George Rathjens was my predecessor as Secretary General of Pugwash, but more important for me he was, together with his collegues Jack Ruina and Kosta Tsipis, the person who introduced me into the field of nuclear weapons and nuclear disarmament. I will always remember the first MIT seminar in the summer of 1983 where young people were given the basic ideas on how to progress on nuclear arms control and how to address the main problems related to dealing with nuclear weapons. The political climate then, when the Soviet Union was still existing, was very different from now. But during the following years, when dramatic changes happened, I always found in George a sophisticated analyst, a competent and a very warm person who would share his opinion, rooted in years of experience that in many cases involved significant responsibilities at the governmental level. He became the chairman of the Council for a Livable World, among other responsibilities. A livable world for George  was a world without the danger of nuclear annihilation. George belonged to that group of people like Robert McNamara, Jack Ruina, Dick Garwin, Herb York, Bill Perry, and many others who dealt with nuclear weapons in their work and then spent their lives trying to promote nuclear disarmament.

  We need those people, now more than ever.

Paolo Cotta-Ramusino is the current Secretary General of the Pugwash Conferences on Science and World Affairs.

3 Comments

  1. It was an honor to know George Rathjens. During my tenure with Student Pugwash USA he was consistently supportive of the efforts of young people to tackle the most challenging issues of the day. He seemed to revel in pushing the boundaries of our thinking. I remember feeling totally humbled and energized when he asked me to serve as rapporteur of a Pugwash workshop on science and social responsibility in Hungary in conjunction with the centenary celebrations of Szilard’s birth. It was the first time I had the privilege. I nervously sent him the report and he called me instantly congratulating me, saying he could see I would be asked to do these in the future, and I might not thank him for that… He was a gentle and thoughtful man who has left us all better for having known him. Sending condolences to his family.
    Sandy Ionno Butcher

  2. The Spanish Pugwash Group and myself are very sorry about the death of our former Secretary General George Rathjens. I do remember with pleasure his so stimulating years as Secretary General of Pugwash. We join our condolences to all the Pugwash family. Please convey them also to his family.
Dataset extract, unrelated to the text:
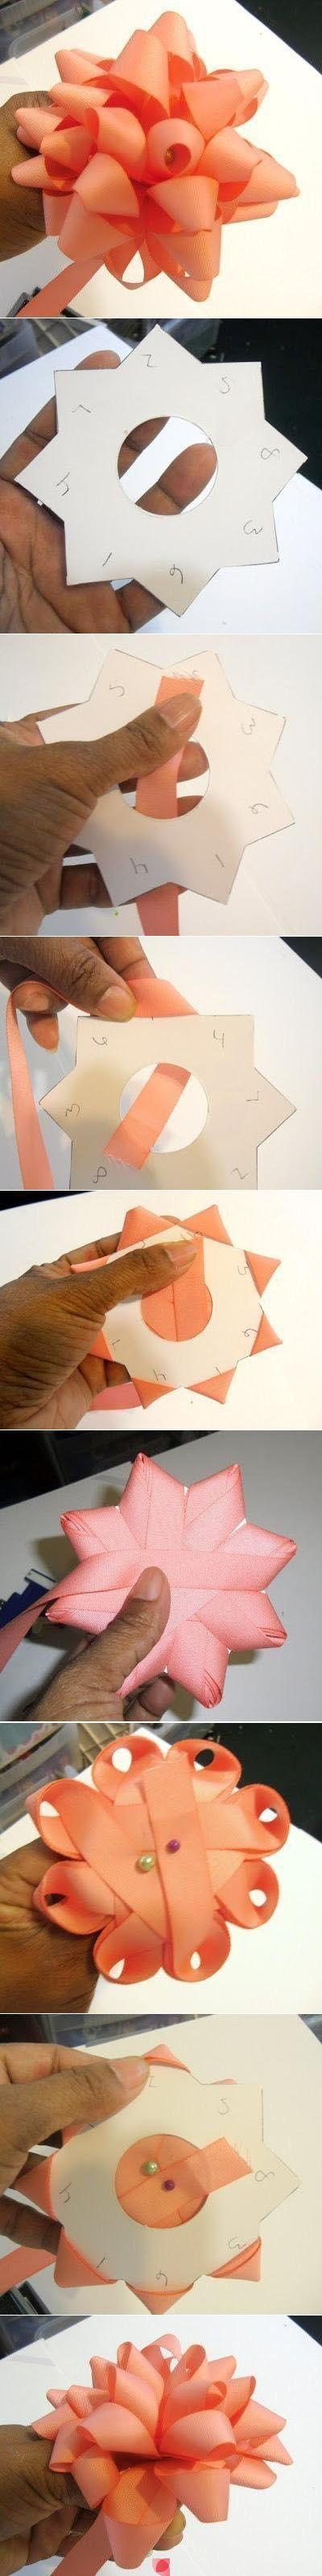 diy ribbon bow crafts bows pinterest geschenke. Black Bedroom Furniture Sets. Home Design Ideas

  3. The German Pugwash Groups joins the others to mourn about the death of the former Pugwash Secretary General George Rathjens. I made the acquaintance of Georg in the 1980ies at a Pugwash Workshop in Starnberg/Germany. George Rathjens and Jack Ruina were the famous twin couple which enriched summerschools, symposiums and meetings by their deep technical-political experiences and their presence. They encouraged and inspired young scientists to study the political and technical foundations of the security and disarmament debate at this critical juncture. The formidable obituary by Jeffrey Boutwell illuminates George´s contribution as a secretary general in a critical time of his organisation.

    Our condolences go to his family and also to the Pugwash community which should redouble its energy and committment not only to substitute these great scientists but also to counter the challenges we are facing in the Middle East, Eastern Europa and Asia.